(На все вопросы буду отвечать сизым молотом, патамучта грёбаный постмодернист) (На все вопросы буду отвечать по-испански)
Так вот, это было отлично. От других.
Чича постоянно доставала меня тонкими нитями бесконечных продолжений, доставала, пекуенья, из детсада и с горшка. Меня тоже в детстве волновал вопрос - как я буду выглядеть, когда стану взрослым? Пели пахаро на ветках рябины. А мы с чичей ловили гигантских трутней и скручивали им руки в мешки, плели из их крыльев венки. Так проходило наше одногранное алмазное в крапинку детство.
Я был мучачо, она была мучача, так было надо. На землю крадено. Ещё не найдено. И когда ещё немного подросли - ноги полосками пошли. Рохо мучача меня догоняла с марафетом фиолетовым на лице. Смеялась, издевалась, занималась эпатажем. Шпулялась им на безликие, серые загривки малонаселённых улиц. И мы бегали, подстреленные, в их перспективное продолжение.

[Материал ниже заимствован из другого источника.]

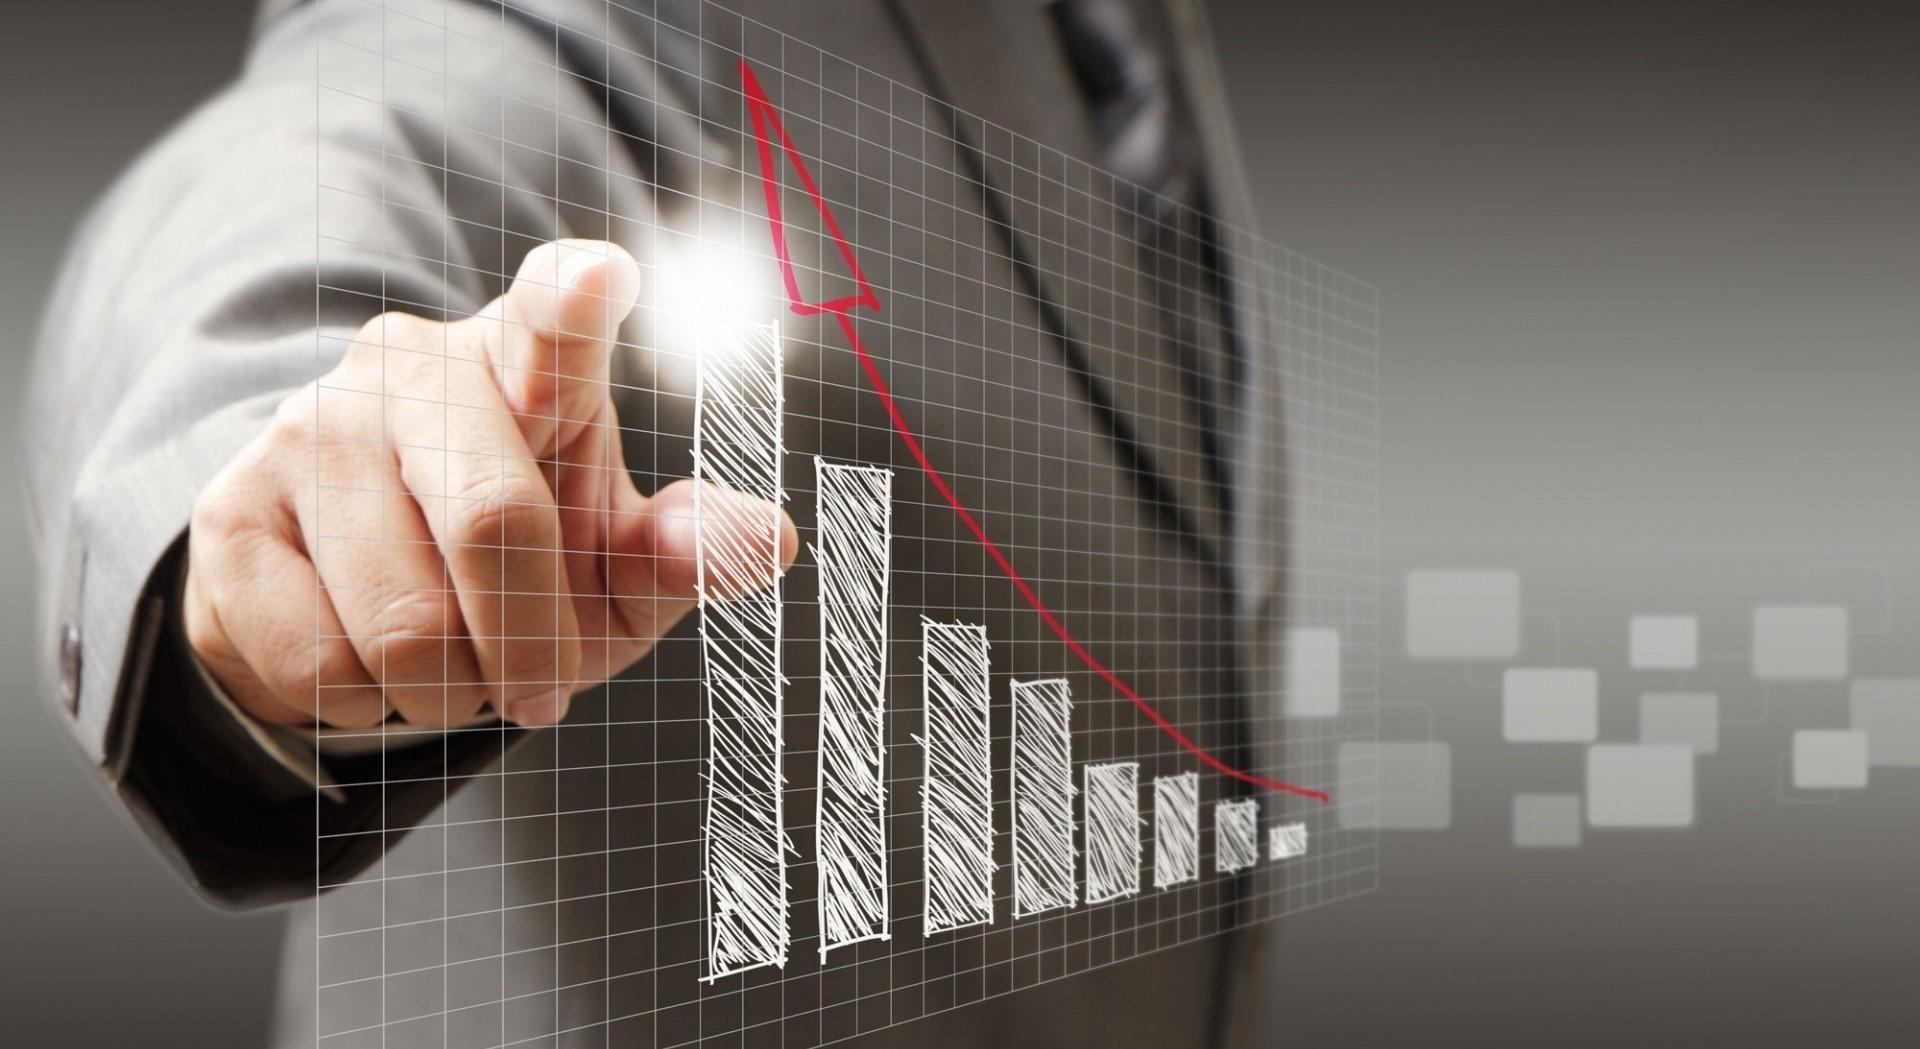 Strategi Pemasaran Produk dan Jasa Yang Meningkatkan Penjualan
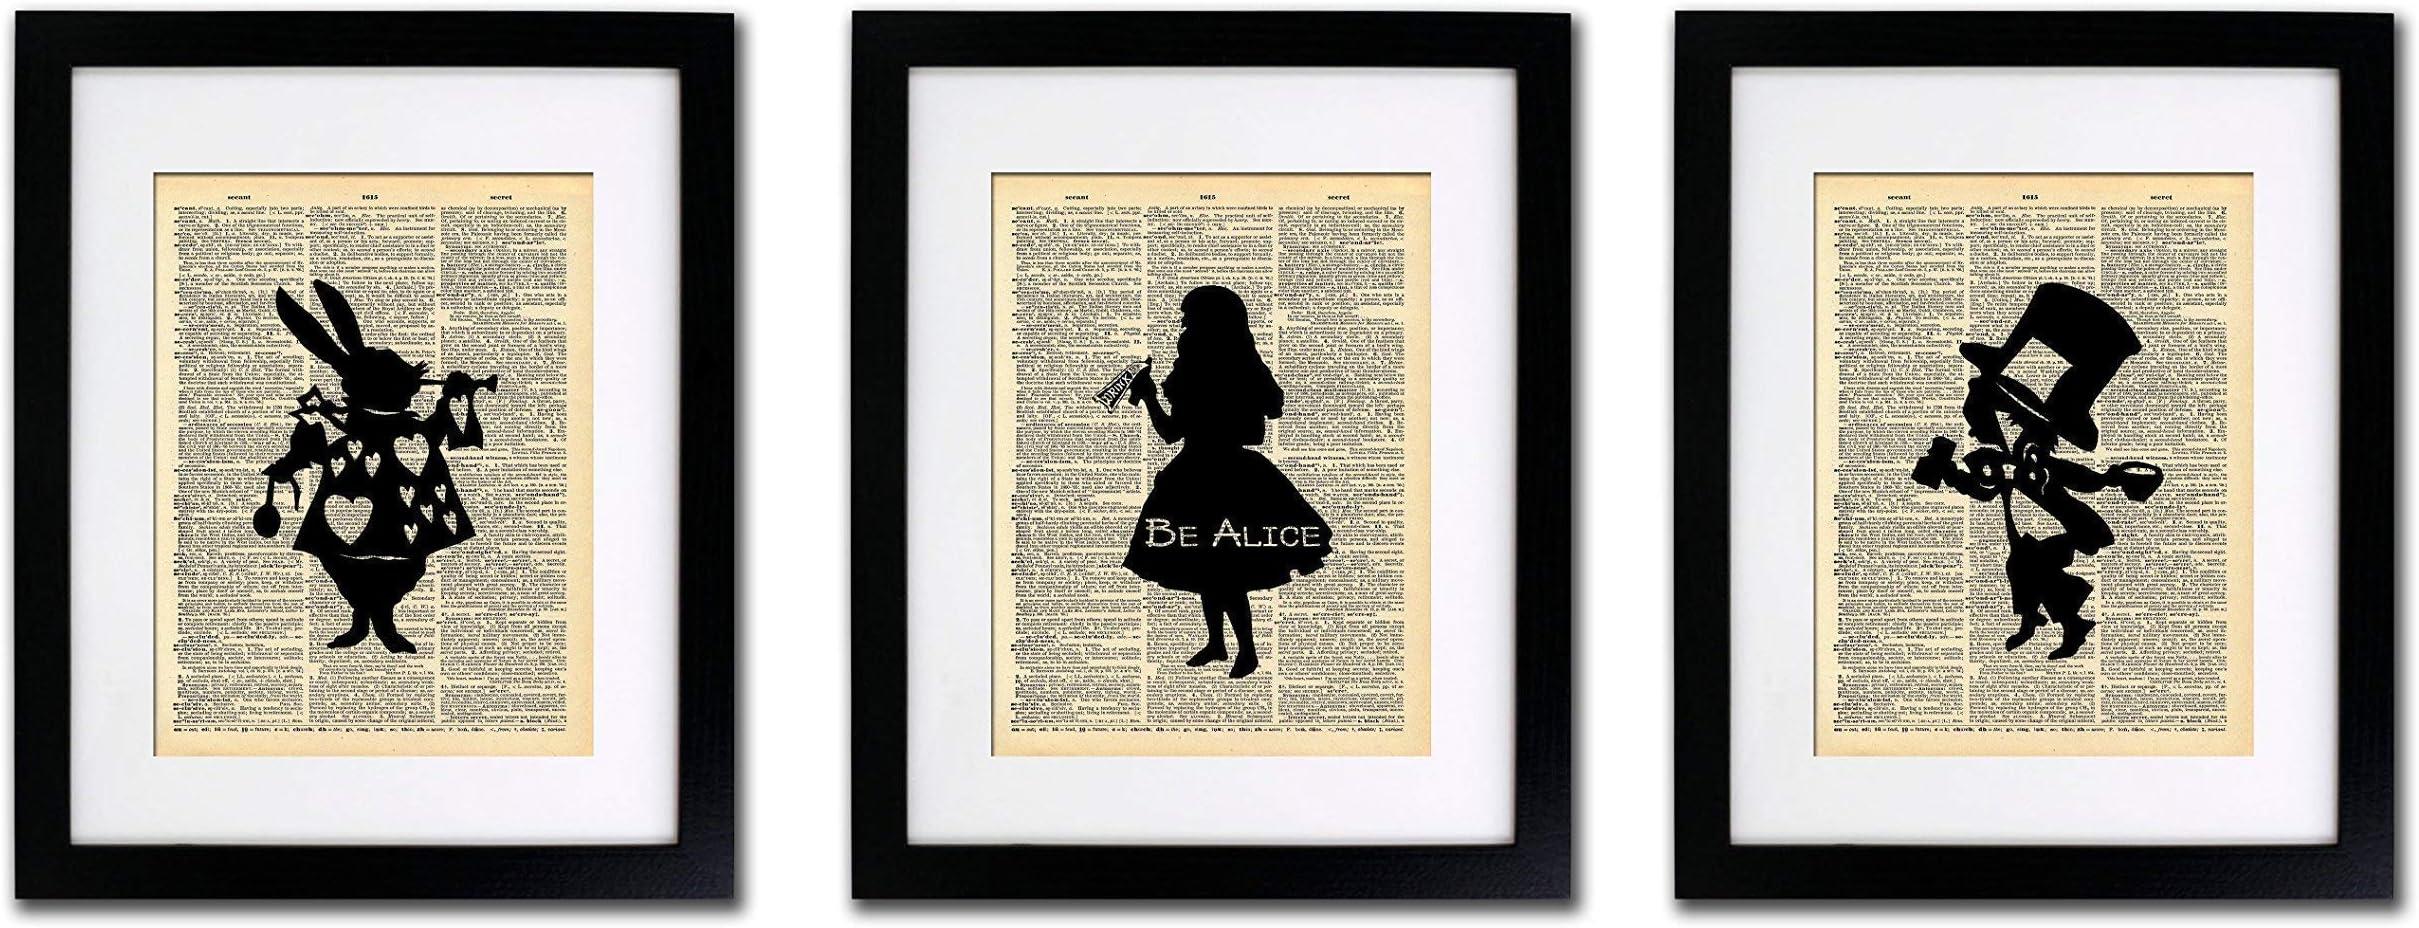 Alice Wall Decor Alice Gift Set Alice in Wonderland Print ALICE Print Set of 4 Alice Best Friend Gift 079 Alice Quotes Wall Art Prints
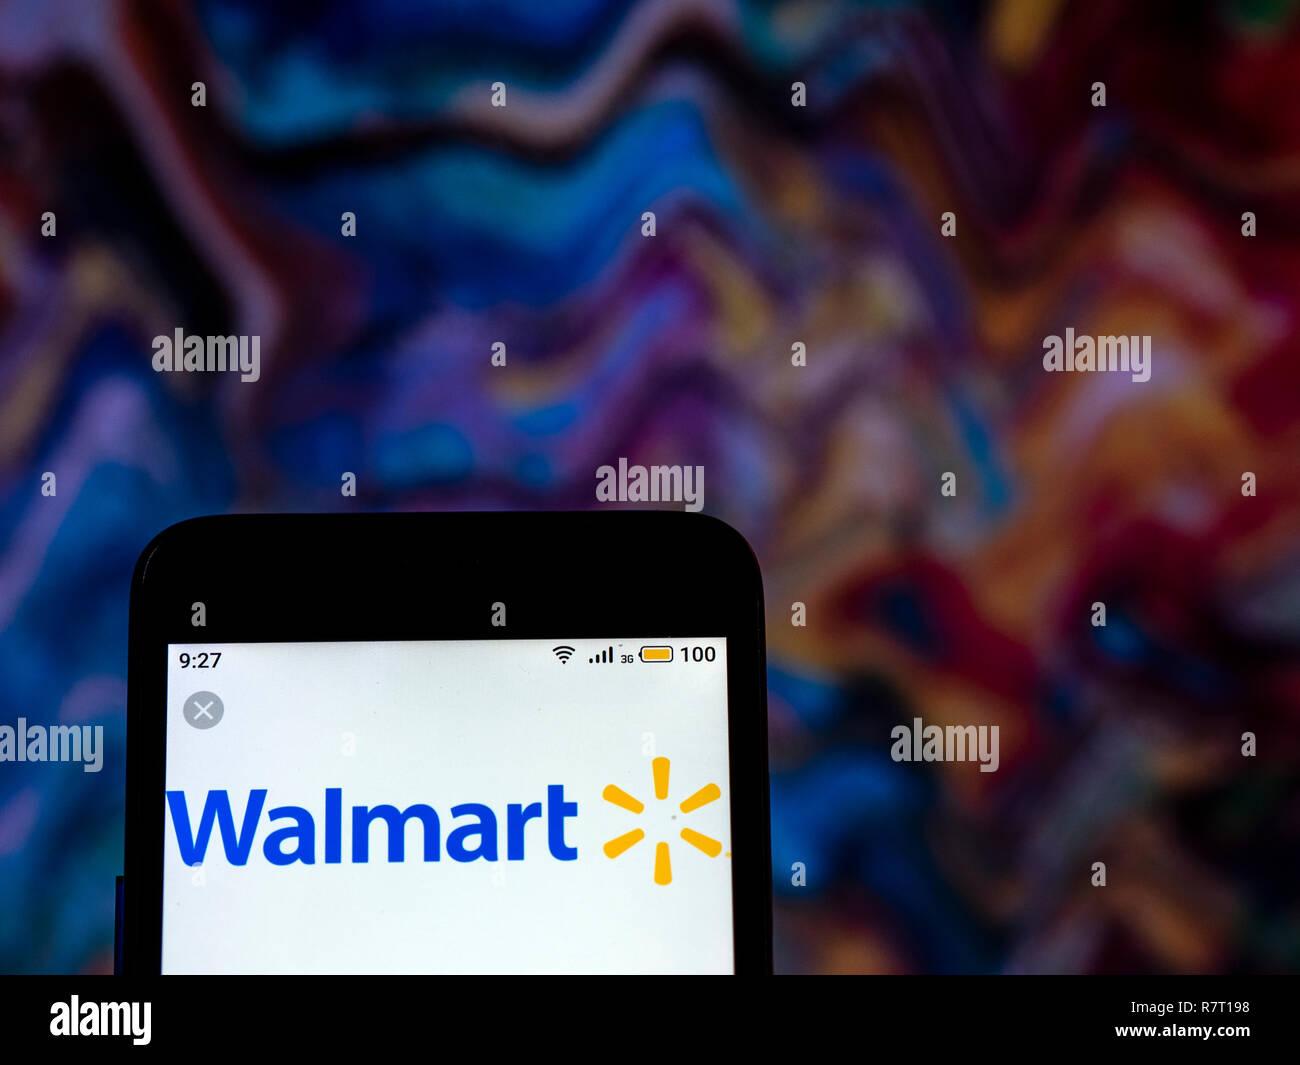 Walmart Stock Phone Number >> Walmart Logo Seen Displayed On Smart Phone Stock Photo 228565268

Я был ниньо, она была нинья, так было можно, так было модно, так было продано. Не нам. Но в самый последний раз детства встретились при переходе через мост-пуенте. Я на трёхколёсном велосипеде, дылда эдакая. Она бабочкой, что попалась в сачок. Вечно там нам казался человек, который хотел нас съесть заживо. Странные. Юношеская улыбалась изнутри нас, как, собственно, и делала десятки тысяч раз. Это была её работа.
Я был омбре, она была мухер, прилипала к подоконнику, а я в неё палил из старой ружбайки. Не было у нас кухонно-мозговой рухляди, не было о старом разговоров и новых холодильников. А были только сонре и розовые колготы. А были только тонны испанских слов и отмороз на всю головешку.
Лишь почти в самом конце, подходя к логическому финалу, она удивлённо посмотрела на меня холодными глазами (первый раз в жизни посмотрела!) и спросила вслух:
- Какой странный запах. Что это?
- Это гавно, - спокойно ответил я. Такого финала не ожидал никто. После этого мы оба стали бессмертными.